Joseph Buchanan, president of the Rhode Island Black Political Action Education Committee, told commissioners he would like to see regulations mandate that revenue from cannabis go back to communities of color—particularly toward affordable housing and school funding.
“That is what we need,” he said. “The housing we have here is not affordable.”
Buchanan also singled out commissioner Oduyingbo, who is Black, to ensure those demands are met.
“It ain’t these rich folks giving you this money,” Buchanan said. “It’s the poor folks that are paying every day, buying every day, and people on medical disability.
“I am tired of seeing the money coming from our community heading out,” Buchanan continued.
As commissioners were instructed only to listen, Oduyingbo did not respond, though he did write notes as Buchanan commented.
Zara Salmon, founder of the Providence-based plant-lifestyle brand CRAVEInfused, also called for community reinvestment.
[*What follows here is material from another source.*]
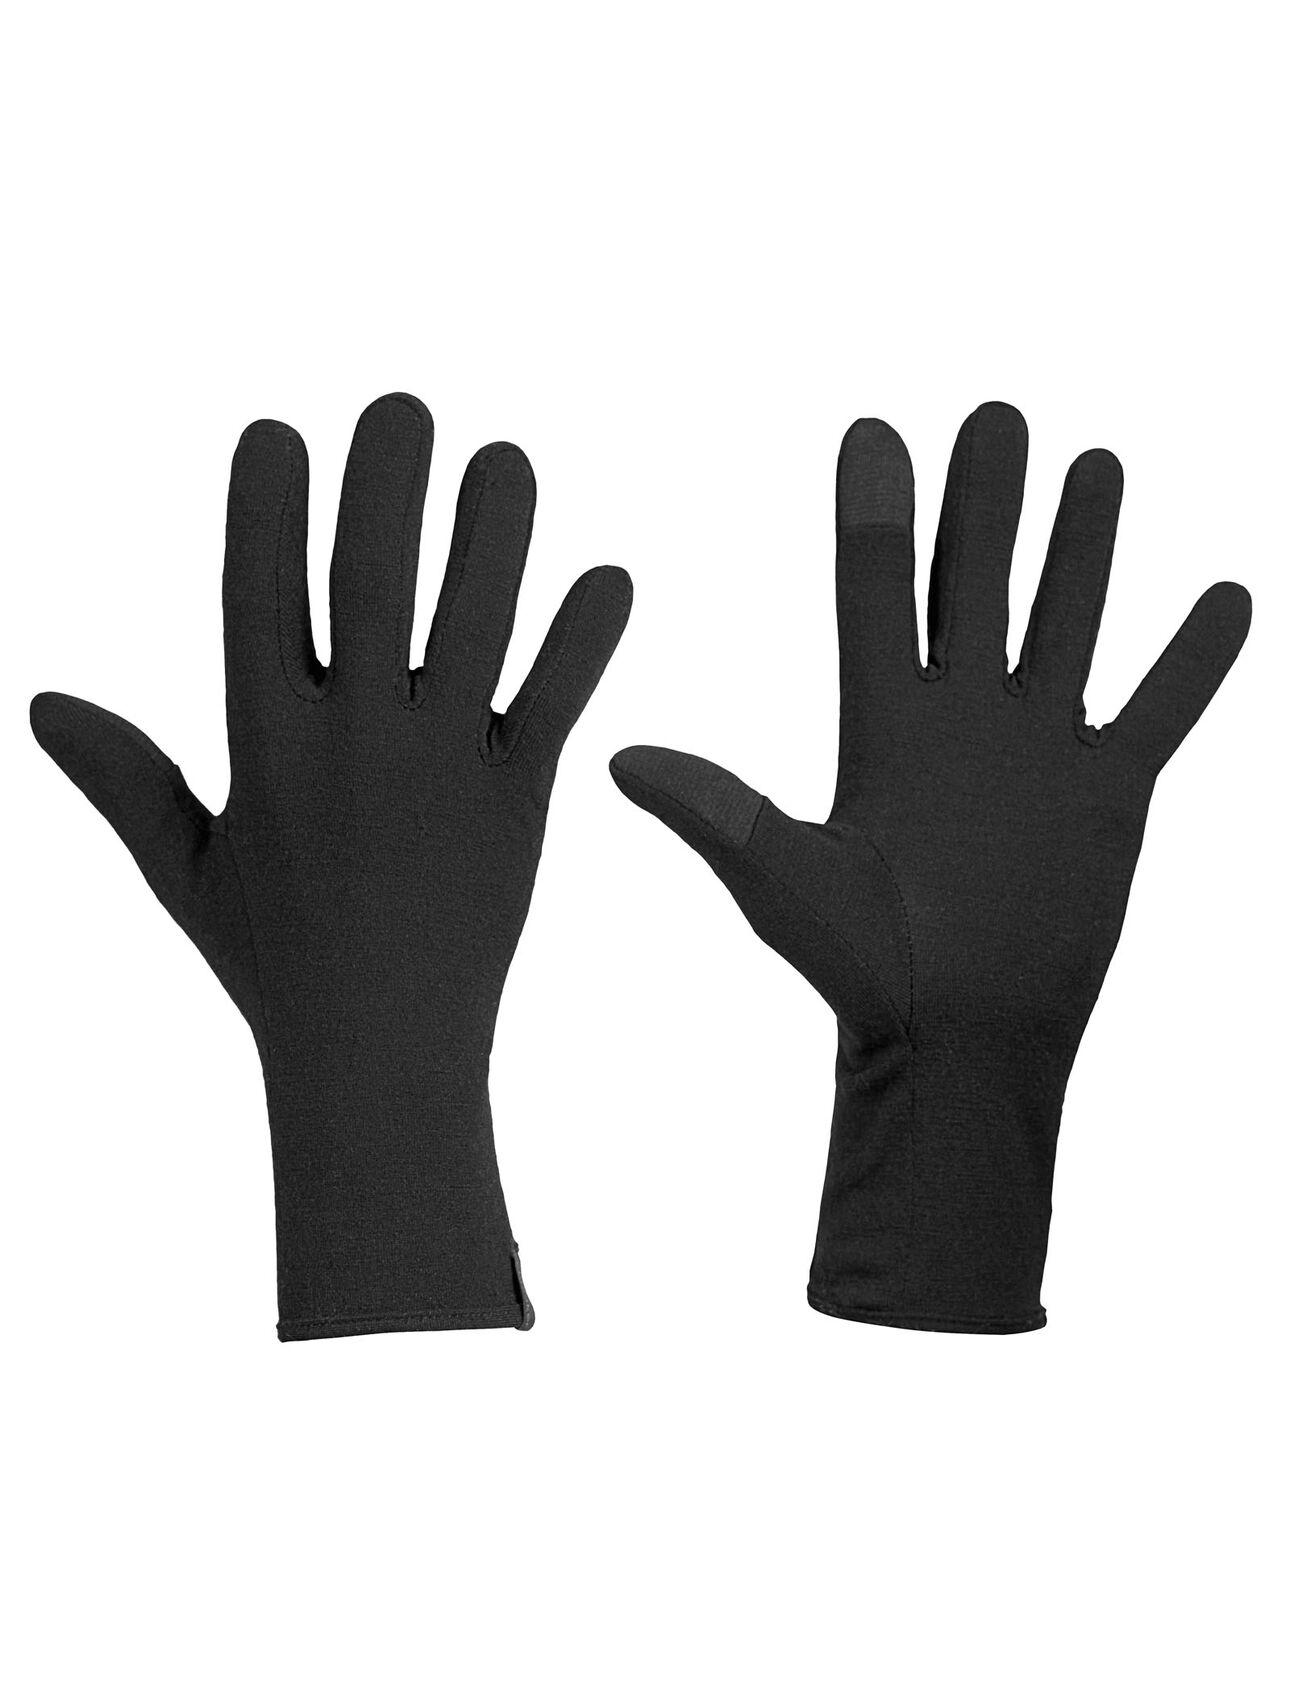 Merino 260 Tech Glove Liners

She highlighted that the “marijuana trust fund” established in the Rhode Island Cannabis Act allows for grants to local law enforcement—the same entity that historically arrested people of color for minor drug offenses.
“Why can’t it be used to financially repair those communities?” she asked, generating applause from around a rom around a dozen of the 40 people in the audience.
So far in the commission’s listening tour, Ahern said that community members have expressed concerns about youth access to marijuana, the need for cultivators to advertise and patients wanting more clarity on the future of medical cannabis.
“We’ve learned a lot,” she said in an interview after the meeting.
But the biggest message is still the need to help communities impacted by the War on Drugs.
“Continuing to have moments where the public shares feedback like this is important,” Ahern said. “There’s a specific part of the [cannabis] act that’s about social equity funding—we need to think more deliberately about that and how we can best utilize that.”
Moving forward, Ahern said the commission intends to reach out to cannabis experts from Rhode Island and out of state to really hone in on potential regulations as it waits for the state to appoint a Cannabis Advisory Board. The board, which will consist of 11 voting and eight non-voting members, will make recommendations on rules and regulations to the commission.
Thankfully, Ahern said the commission said the state already has a framework from the Office of Cannabis Regulation and Department of Health to build off once an advisory board is formed.
“Hopefully that helps us move along,” she said.
The final session of the tour is scheduled for 1 p.m. Friday, August 18 at the Public Utilities Commission in Warwick. The public is invited to attend in-person, but encouraged to participate online via Zoom.